# Your assignment:
Pictures in the data should be dropped; transcribe exactly the lines from the one that has "a photo of 3" through the one that has "Faculty of Science".

### Working data ###

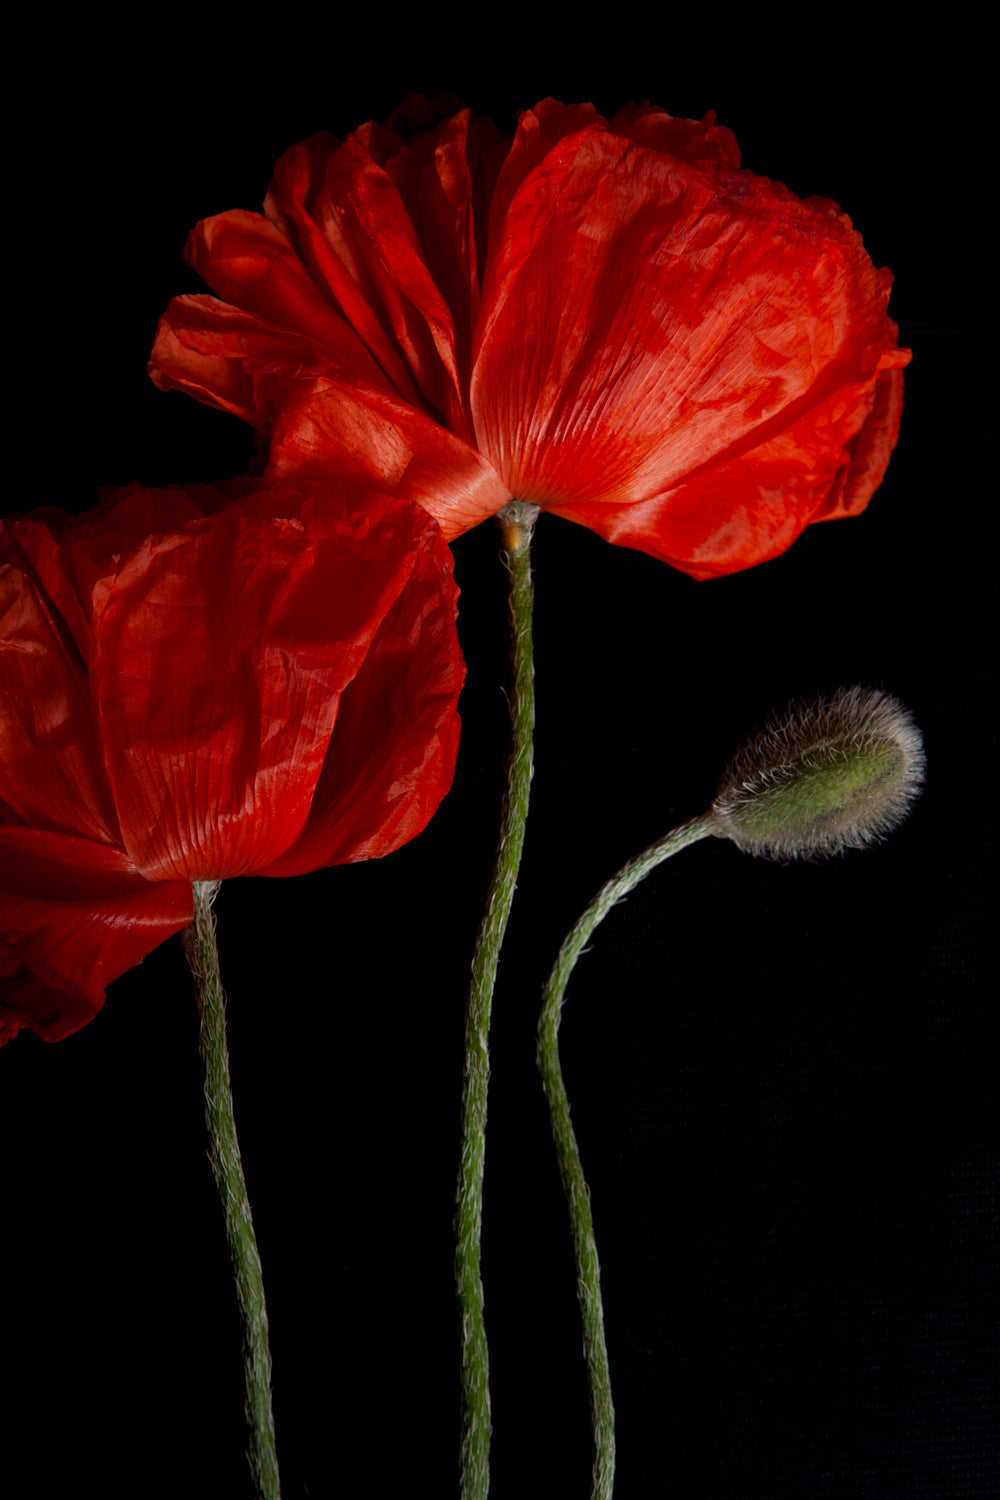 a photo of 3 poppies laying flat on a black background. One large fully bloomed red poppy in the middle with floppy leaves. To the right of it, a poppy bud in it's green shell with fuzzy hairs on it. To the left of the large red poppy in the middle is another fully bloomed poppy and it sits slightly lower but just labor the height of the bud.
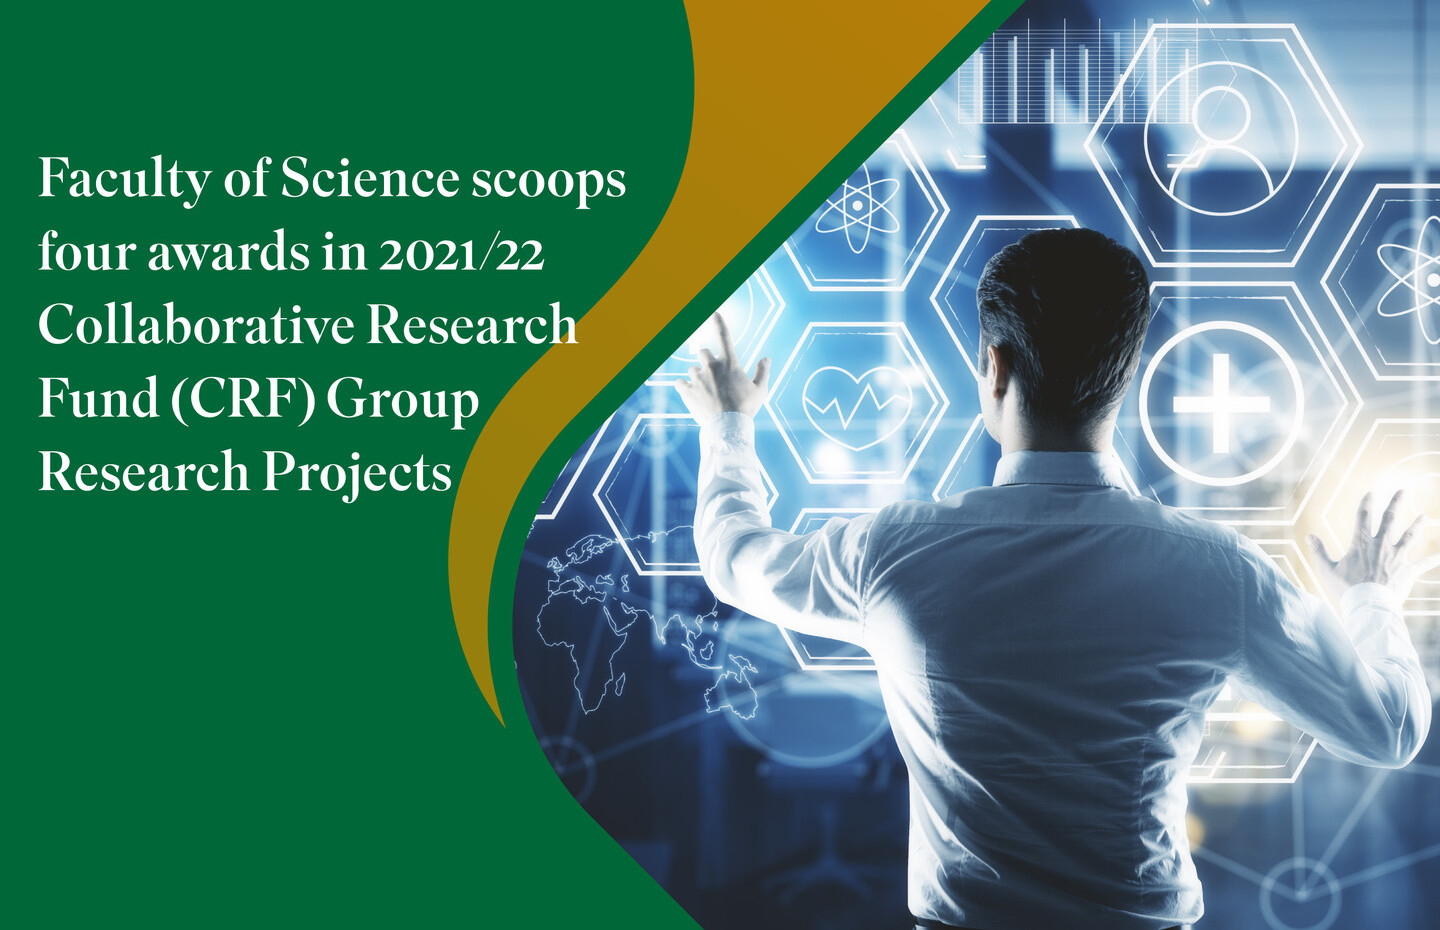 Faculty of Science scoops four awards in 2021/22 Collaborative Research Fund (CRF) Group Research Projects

###
### Working data ###

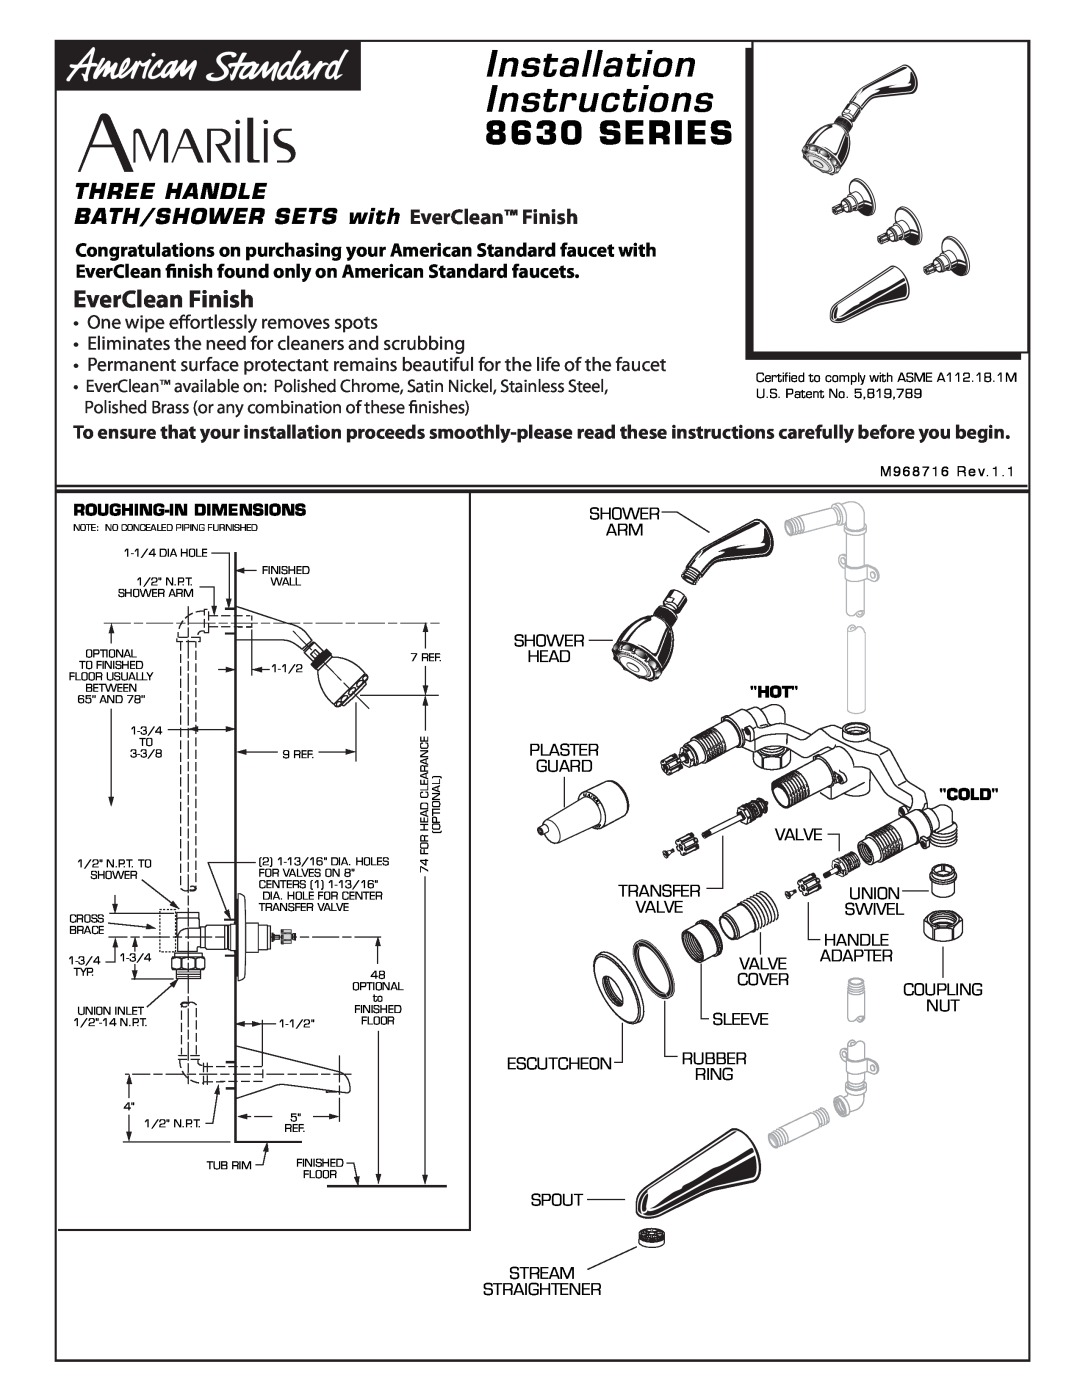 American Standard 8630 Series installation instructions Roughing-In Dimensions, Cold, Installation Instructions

###
### Working data ###

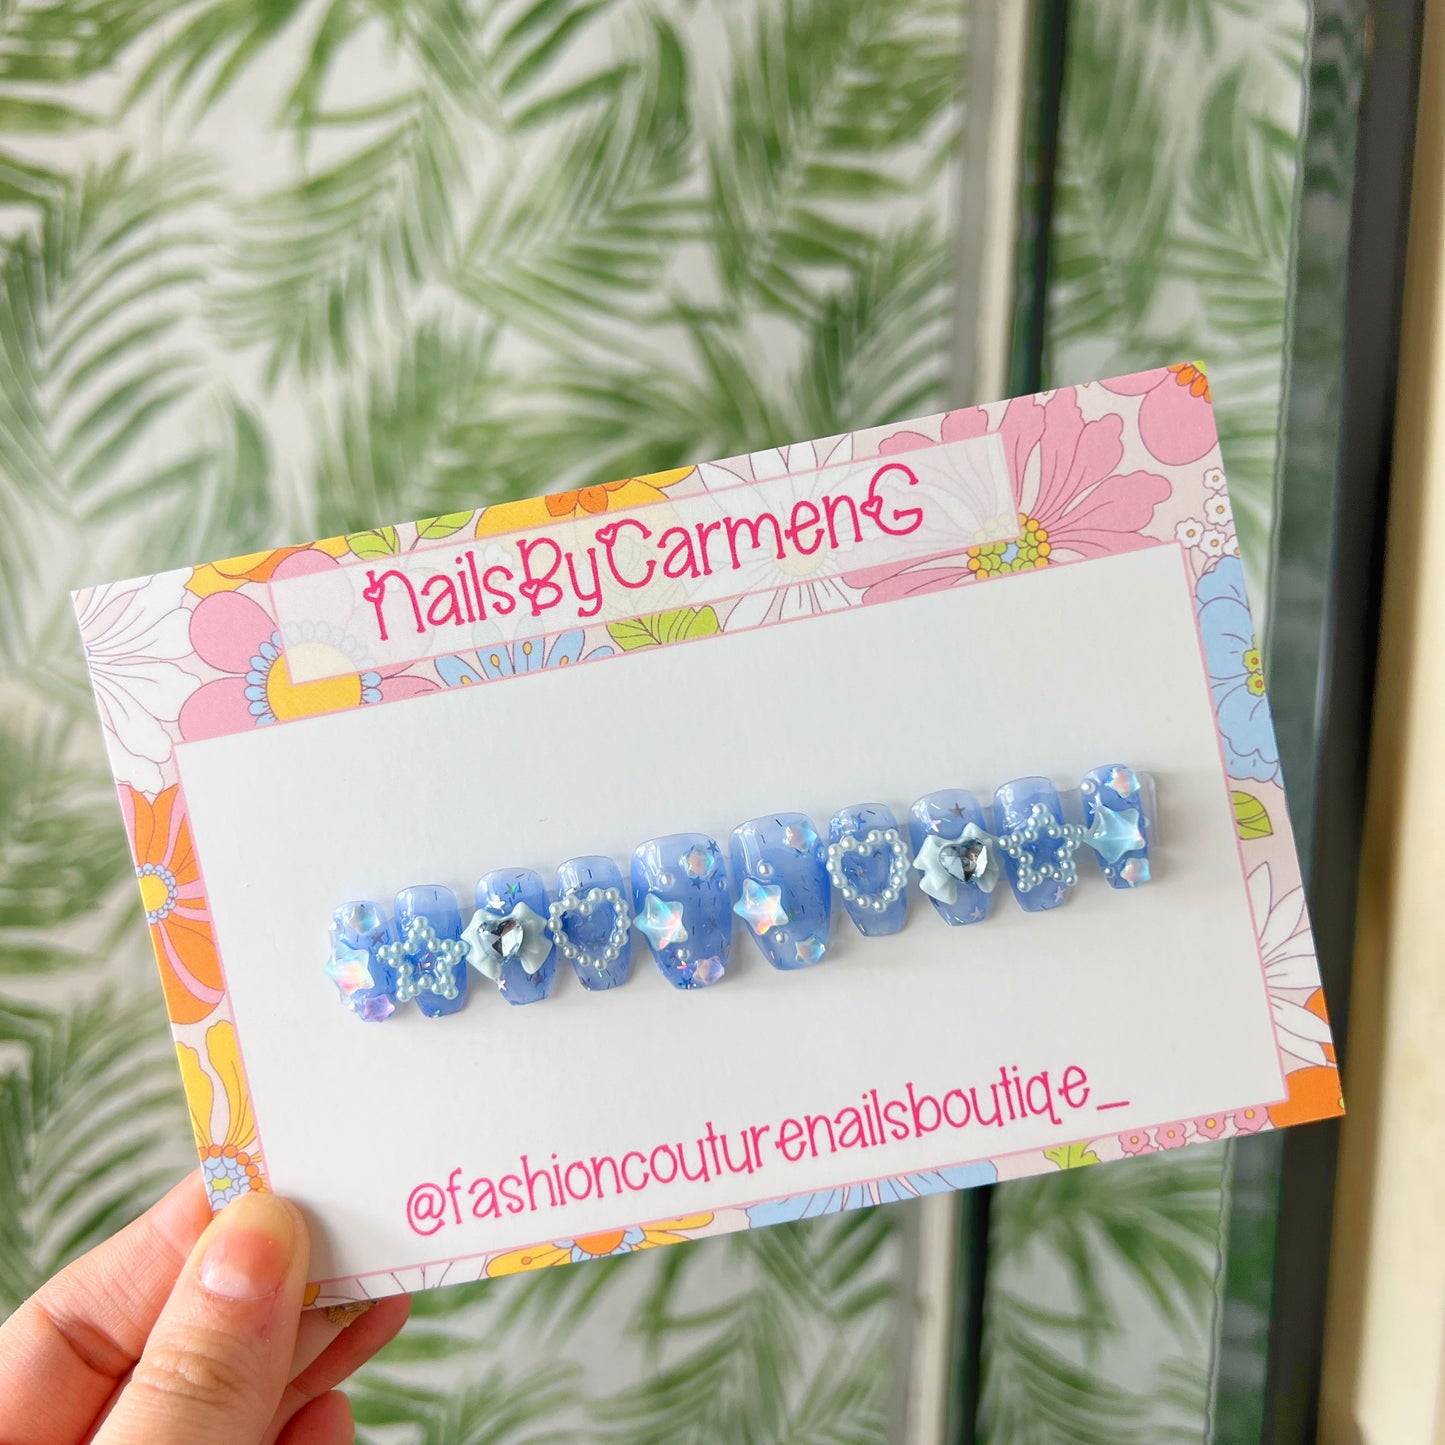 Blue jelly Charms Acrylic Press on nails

###

# Response:
 a photo of 3 poppies laying flat on a black background. One large fully bloomed red poppy in the middle with floppy leaves. To the right of it, a poppy bud in it's green shell with fuzzy hairs on it. To the left of the large red poppy in the middle is another fully bloomed poppy and it sits slightly lower but just labor the height of the bud.
 Faculty of Science scoops four awards in 2021/22 Collaborative Research Fund (CRF) Group Research Projects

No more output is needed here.